Der Senat sieht im Übrigen gerade schon deshalb kein schutzwürdiges Vertrauen des Klägers, weil neben dem Befreiungsverfahren für die Tätigkeit bei der R, das in dem hier in Rede stehenden Befreiungsbescheid vom 04.09.2001 gemündet hat, auch der Befreiungsbescheid vom 03.12.2001 hinsichtlich der zeitlich befristeten Beschäftigung als wissenschaftlicher Mitarbeiter mit der entsprechenden Anlage zum Bescheid zu berücksichtigen ist. Auch aus diesem Bescheid geht hervor, dass eine Befreiungsregelung gerade nicht personenbezogen, sondern immer tätigkeitsbezogen ist und daher für jede neue Tätigkeit ein neuer Befreiungsantrag notwendig ist.

Soweit der Kläger nach der Betreibensaufforderung im Berufungsverfahren noch dergestalt weiter vorgetragen hat, die Reichweite des ihm auferlegten Tuns, Duldens oder Unterlassens – also bei einem Arbeitgeberwechsel, der keine Änderung seiner berufsspezifischen Beschäftigung mit sich bringt, einen neuen Befreiungsbescheid zu beantragen – hätte gerichtlich geklärt werden müssen, begründet diese Argumentation ebenfalls kein schutzwürdiges Vertrauen.
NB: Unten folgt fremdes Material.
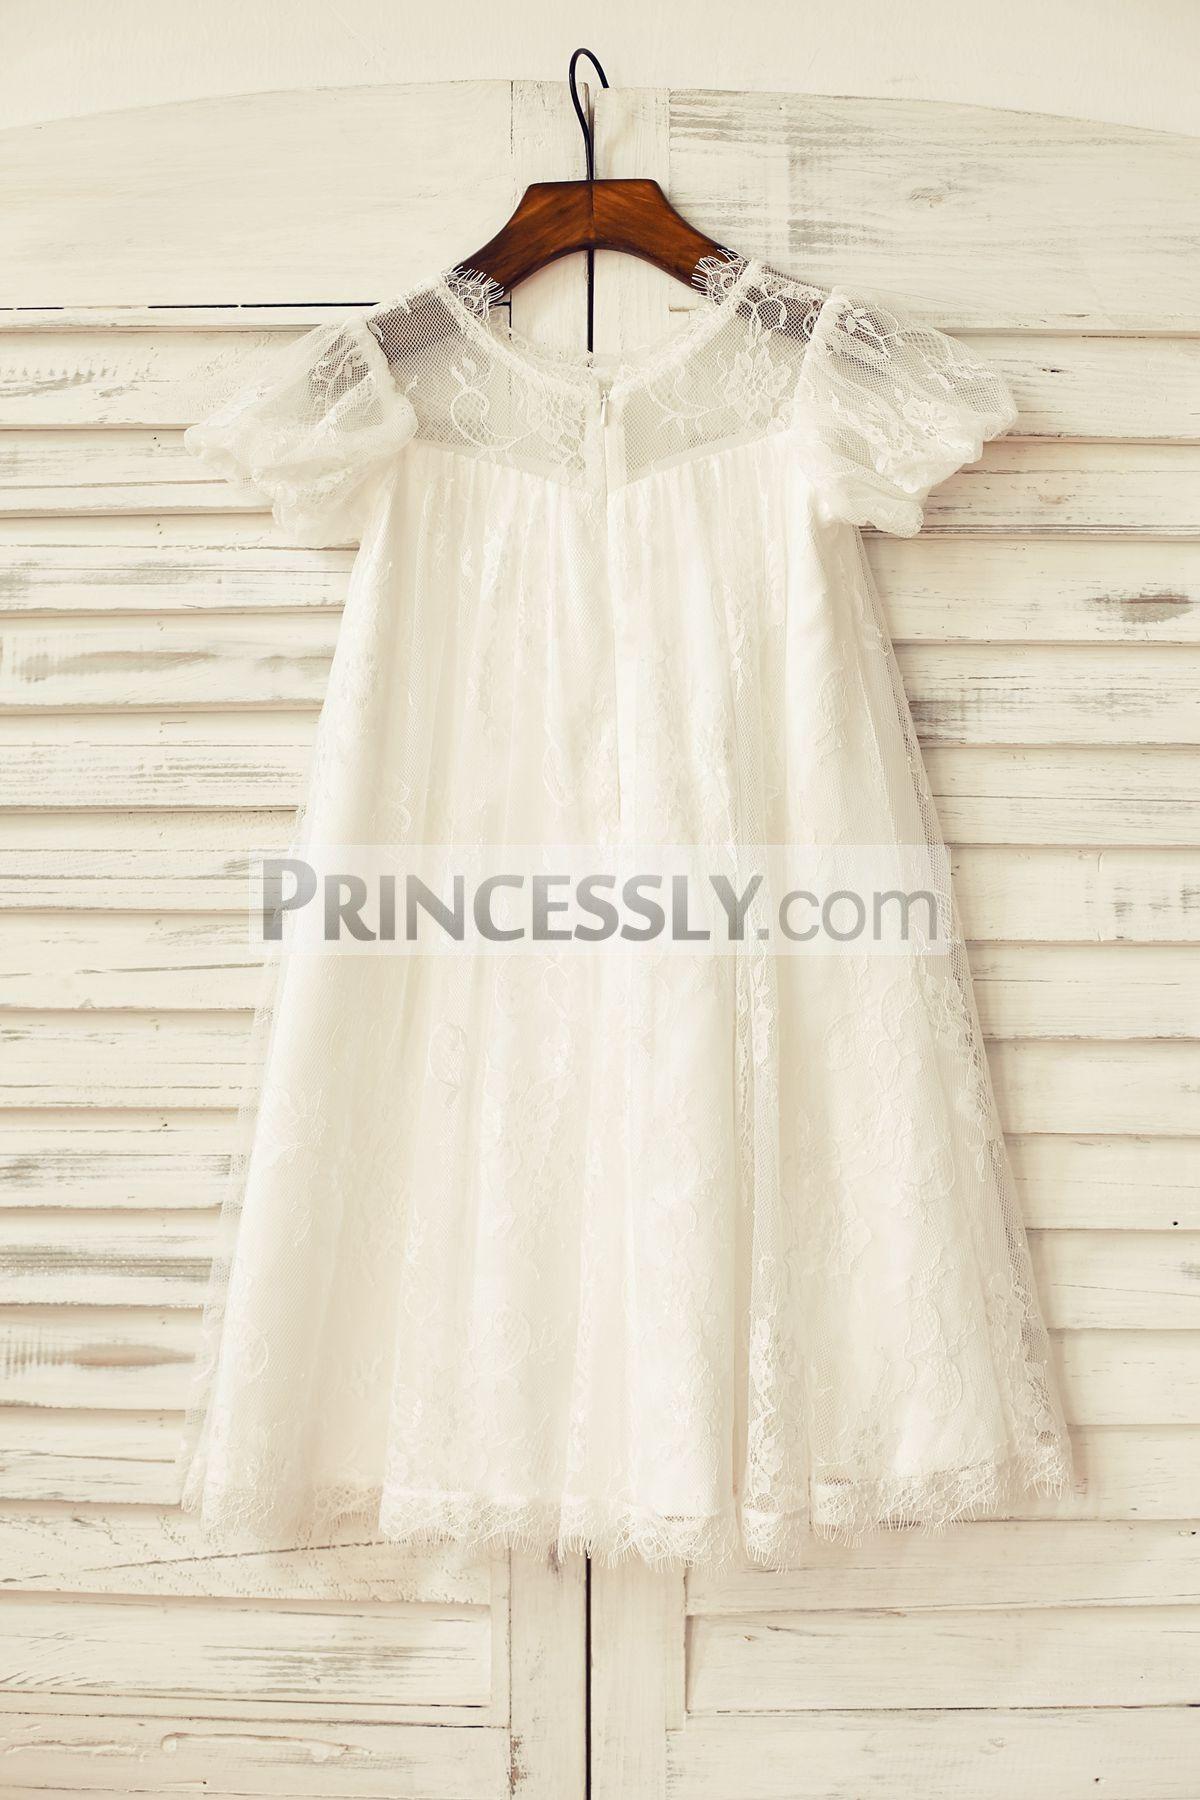 Short Puffy Sleeve Ivory Eyelash Lace Flower Girl Dress in

Es war gerade an dem Kläger, diese Frage gerichtlich klären zu lassen. Auch dieser (weitergehende) Vortrag im Berufungsverfahren zeigt, dass sich der Kläger gerade nicht auf Vertrauensschutz berufen kann.

Erst recht wird sich der Kläger nicht auf Vertrauensschutz bei einem künftigen - heute noch nicht bestimmten - Arbeitgeber berufen können. Dies begründet zwar im vorliegenden Fall das notwendige Feststellungsinteresse; angesichts des hier geführten Rechtsstreits und insbesondere angesichts der ständigen höchstrichterlichen Rechtsprechung des BSG zur Fortwirkung der Formularbescheide kann sich der Kläger jedoch bei einem neu einzugehenden Arbeitsverhältnis gerade nicht mehr auf ein schutzwürdiges Vertrauen berufen. Dem Kläger ist die mangelnde Fortgeltungswirkung des Befreiungsbescheides vom 04.09.2001 auf künftige Arbeitsverhältnisse angesichts der klaren Rechtsprechung des BSG und angesichts des hier geführten Prozesses bewusst.

Die Kostenentscheidung beruht auf § 193 SGG und entspricht dem Ergebnis des Rechtsstreits.

Die Revision ist nicht zuzulassen, da die Voraussetzungen von § 160 Abs. 1 S. 1, Abs. 2 SGG nicht vorliegen.